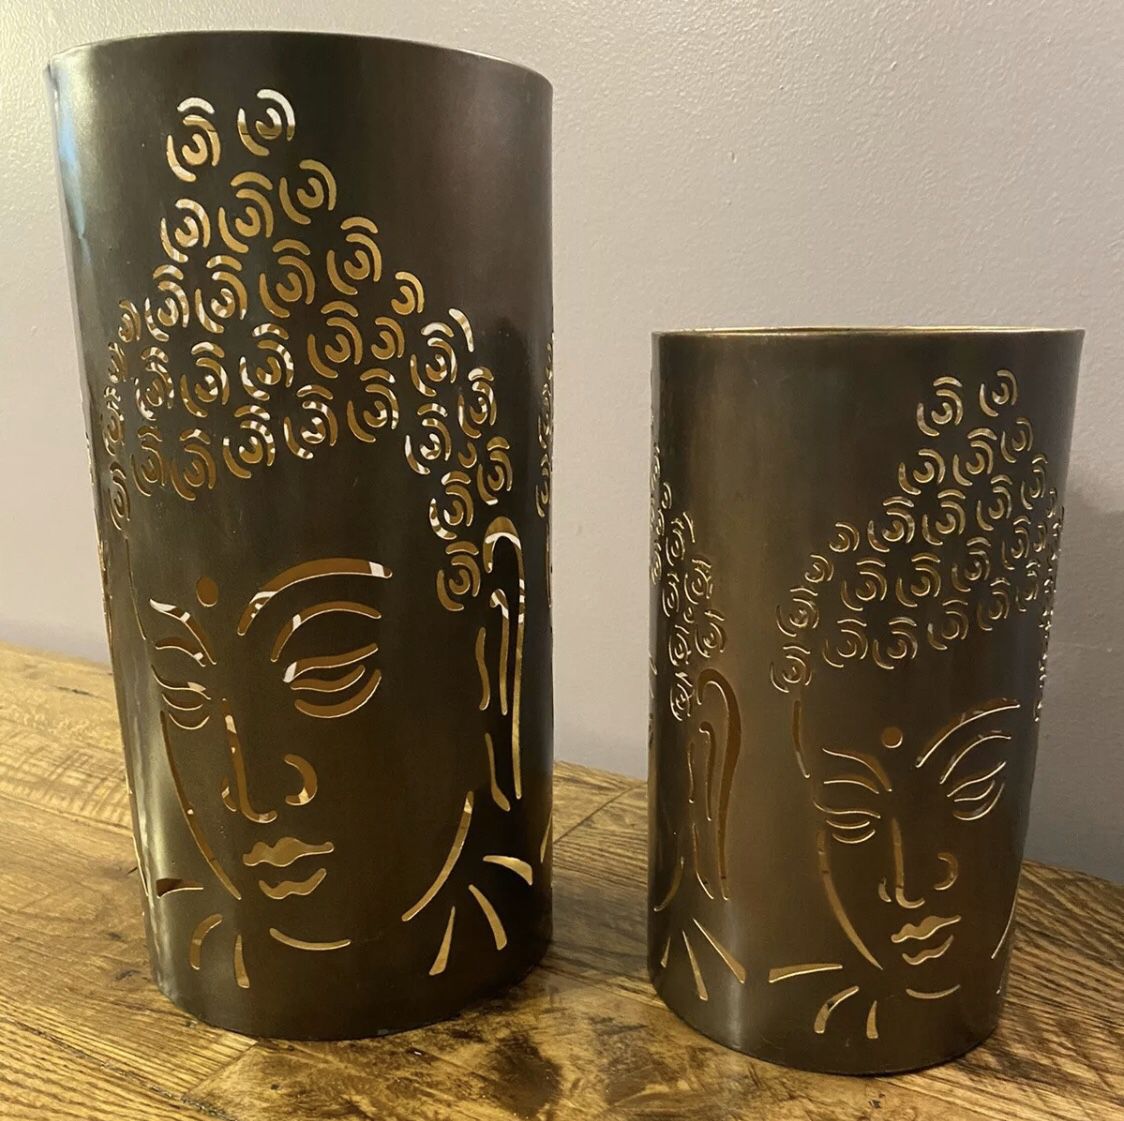 Buddha Mantle Candle Holder Candle/Flameless Cylinder Decorative Holder
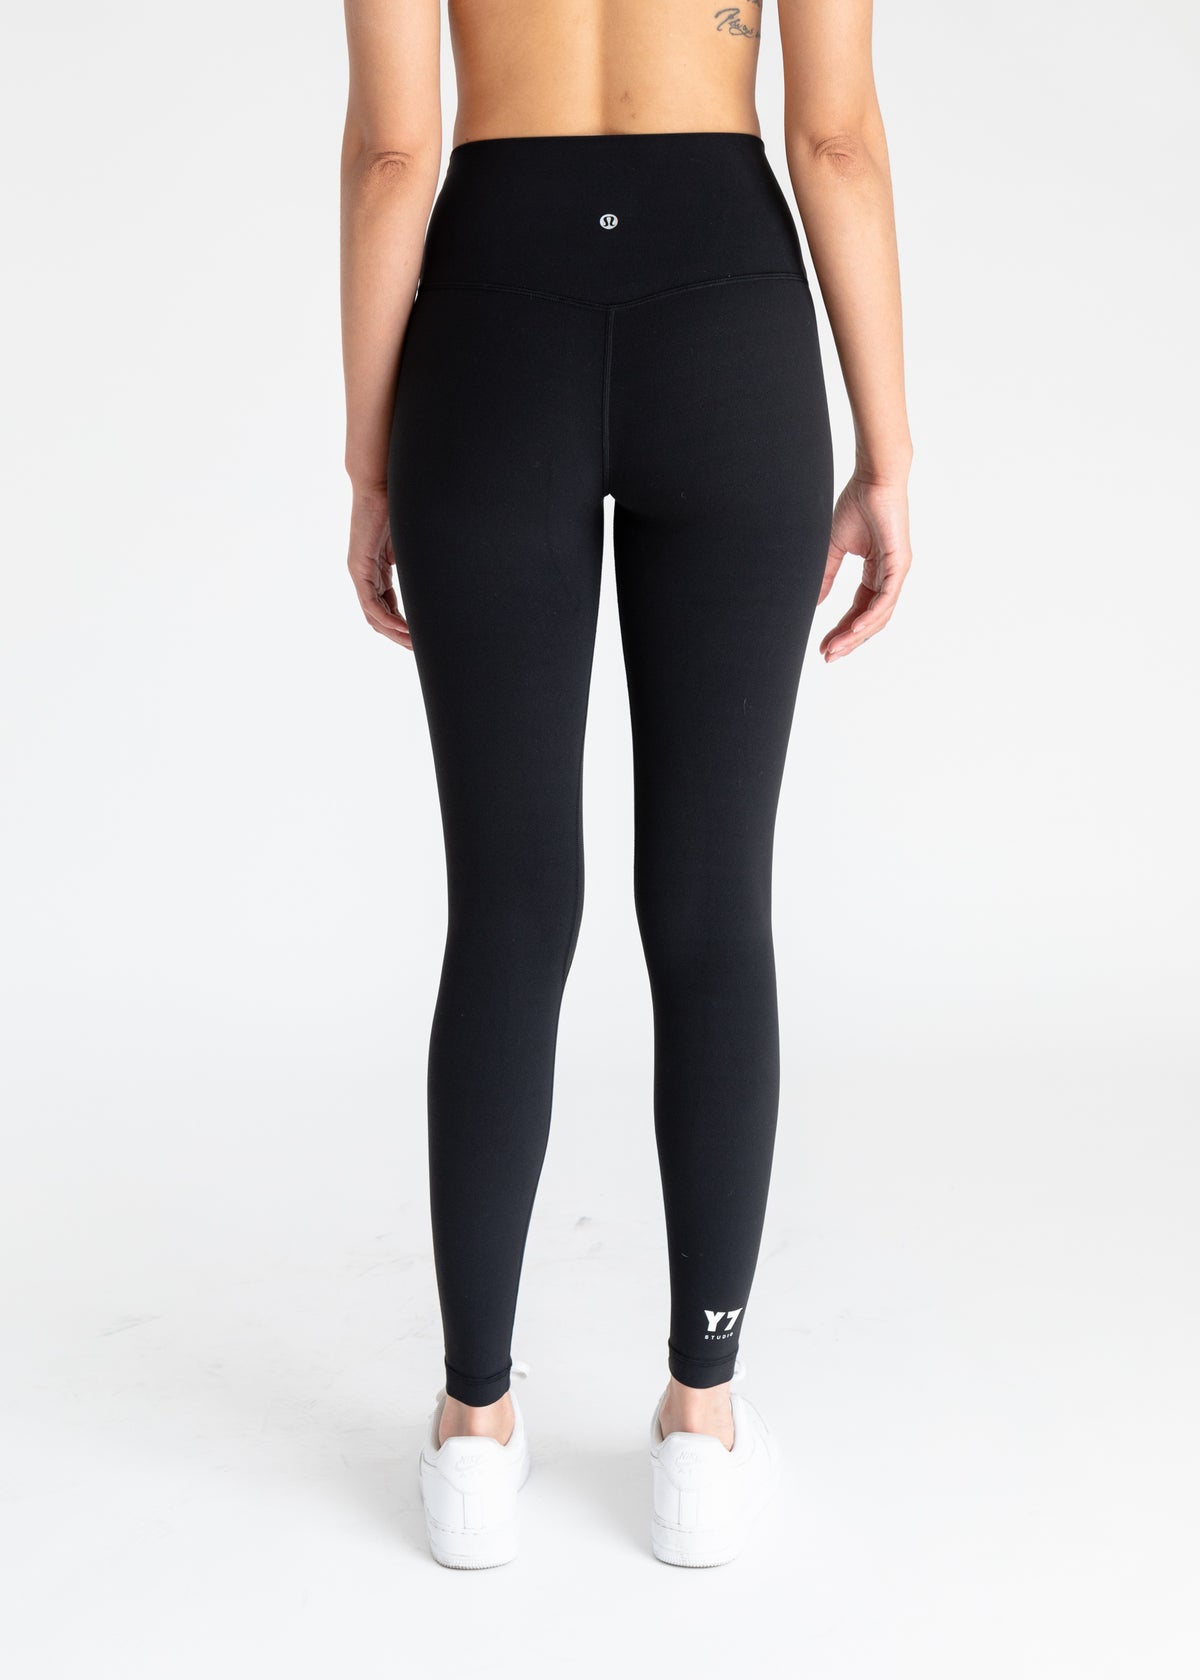 Lululemon Black & Gray Yoga Pants Full Length Leggings Size 4 - $21 (77%  Off Retail) - From Allison
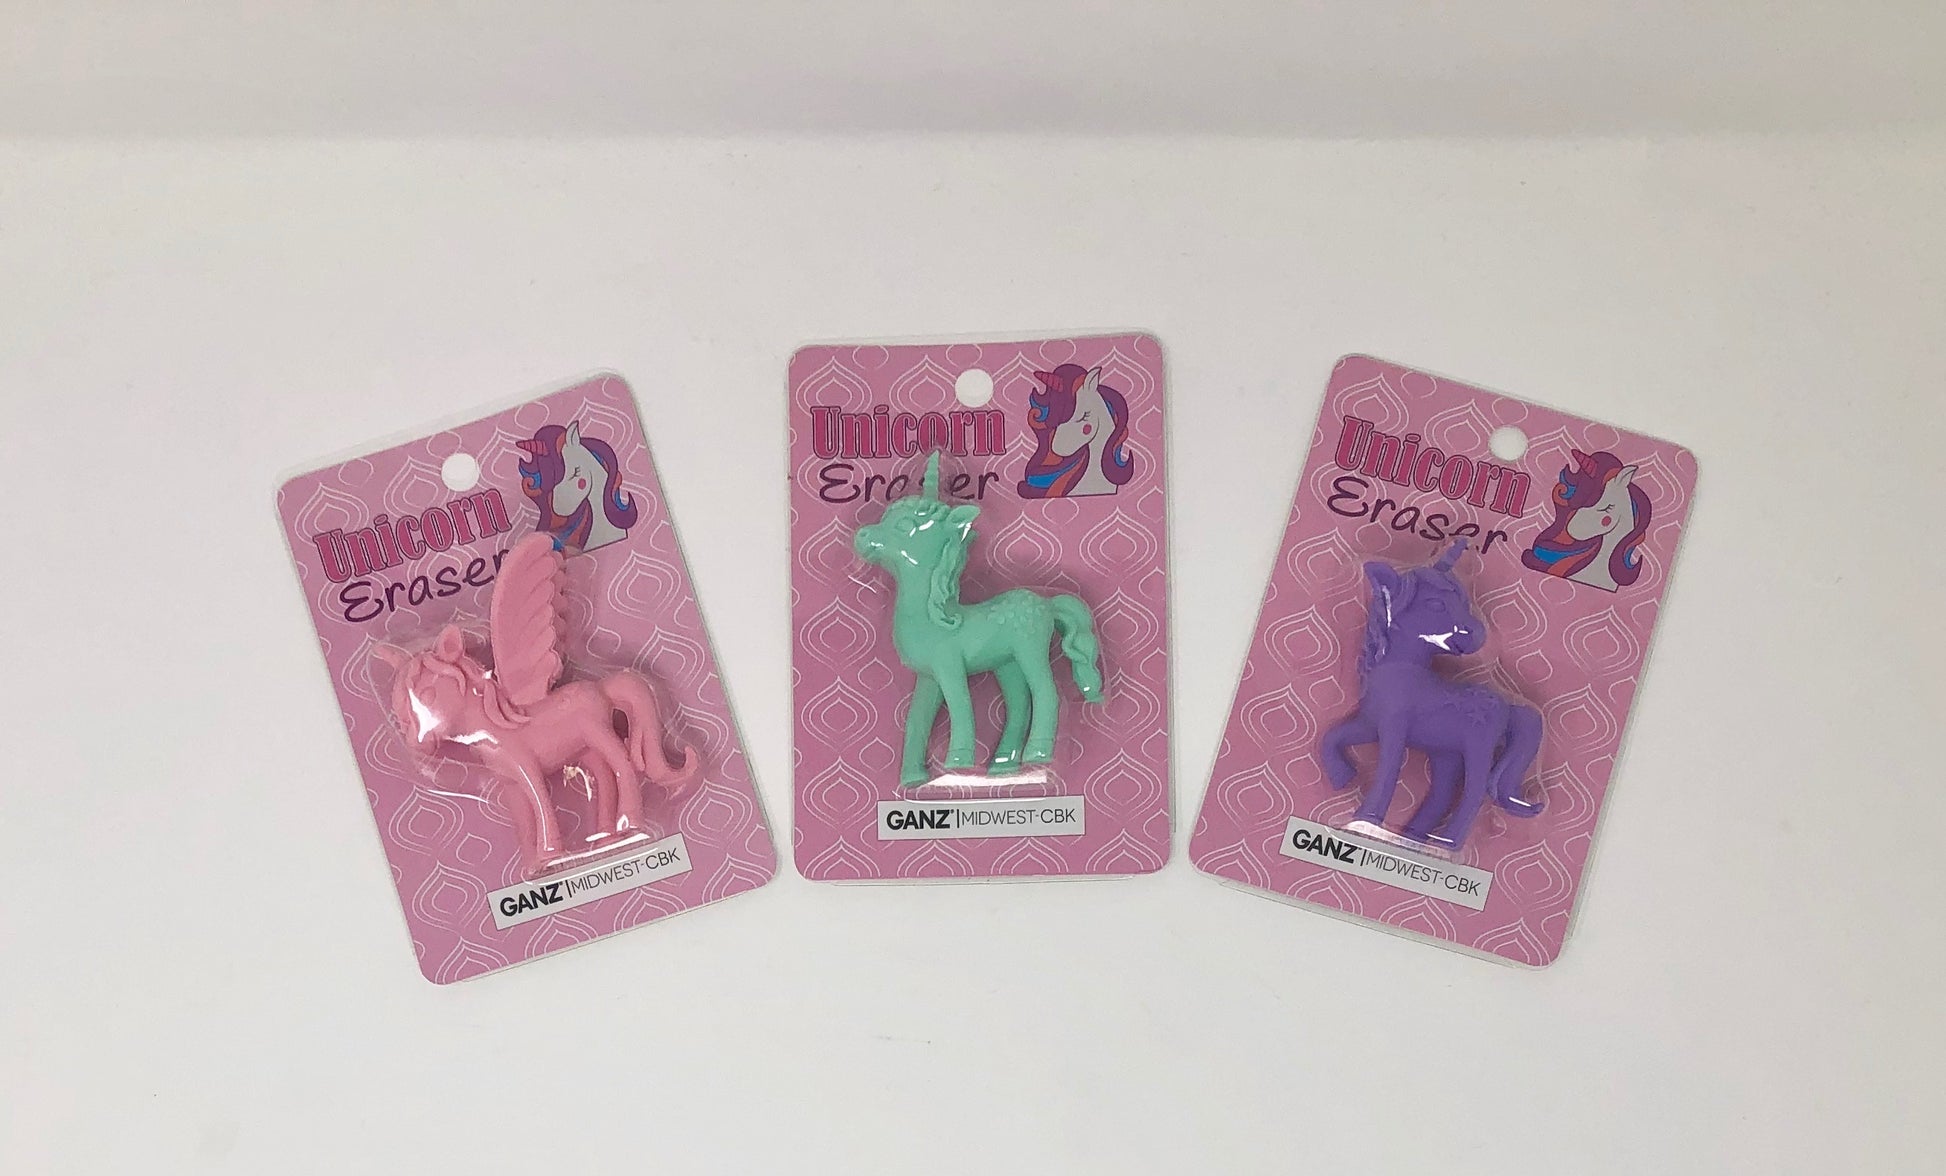 Unicorn Eraser Gifts Baby Ganz

=-=-=

__ACTIVITY__
Only the pictures stay behind; everything else in the data above is to be retyped exactly.

__WRITTEN ANSWER__
 Buddha Mantle Candle Holder Candle/Flameless Cylinder Decorative Holder
 Lululemon Black & Gray Yoga Pants Full Length Leggings Size 4 - $21 (77%  Off Retail) - From Allison
 Unicorn Eraser Gifts Baby Ganz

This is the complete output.